Jonás, Miriam y Josué habían acudido aquella tarde a escuchar a Jesús. Se habían reunido en la ladera de una pequeña colina y el maestro de Nazaret hablaba con una fuerza inusual. Podía decirse que estaba soñando despierto y su sueño lo estaba compartiendo con una multitud. – Felices los pobres porque de ellos será el reino de los cielos. Jonás, se tocó el bolsillo vacío de monedas para ver si la promesa iba por él. – Felices los que lloran, los que sufren, los constructores de la paz, felices los que pasan hambre… felices, felices, felices.
La vida de ellos no era para nada felicidad.
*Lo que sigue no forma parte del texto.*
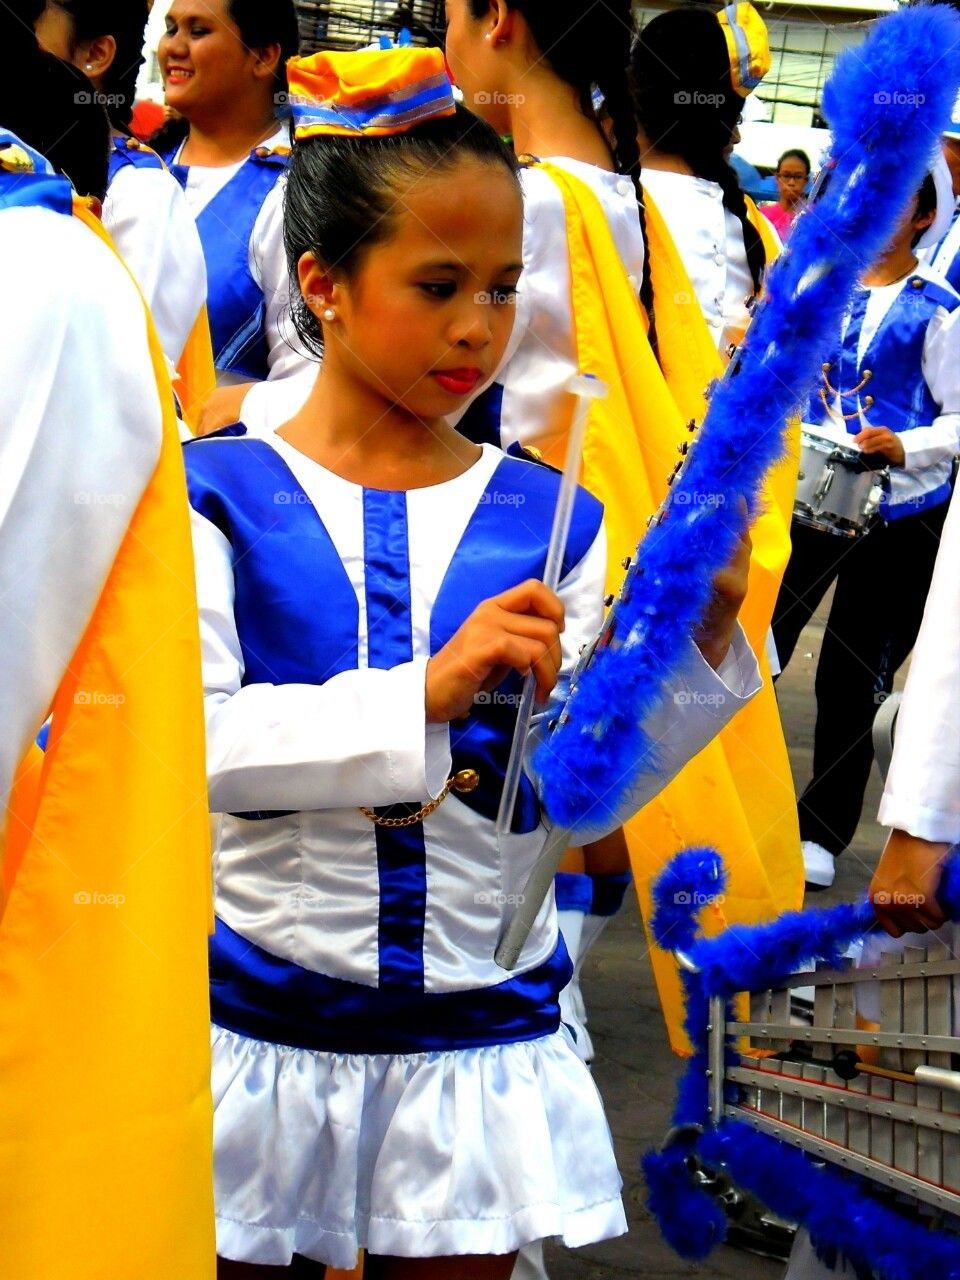 Member of a marching band playing the xylophone at a feast in

La pobreza, la marginación y la opresión eran las realidades con las que se las tenían que ver cada día, pero el sueño de Jesús era una promesa maravillosa. ¿Por qué no soñar con él e intentarlo hacerlo realidad?
 
Ayer y hoy
Casi todo en el cristianismo se explica por la dinámica del «don y de la tarea». El creyente acepta la vida como un regalo de Dios, pero al mismo tiempo como un campo de trabajo y una tarea de realización.
La lógica de las bienaventuranzas es la del «sí pero todavía no»… Los cristianos tenemos que vivir con los pies en la tierra, luchando hasta la extenuación por hacer de este mundo una sociedad más humana, donde los valores del reino prevalezcan sobre el odio, el poder y las injusticias, pero, al mismo tiempo, los cristianos sabemos que no todo está en nuestra mano. El sueño de Jesús tiene una alta dosis de utopía que se hará realidad más allá de este mundo marcado por la división. Saber esto, lejos de paralizarnos o esclavizarnos como Nietzsche decía, nos impulsa a luchar aún con más fuerza y esperanza.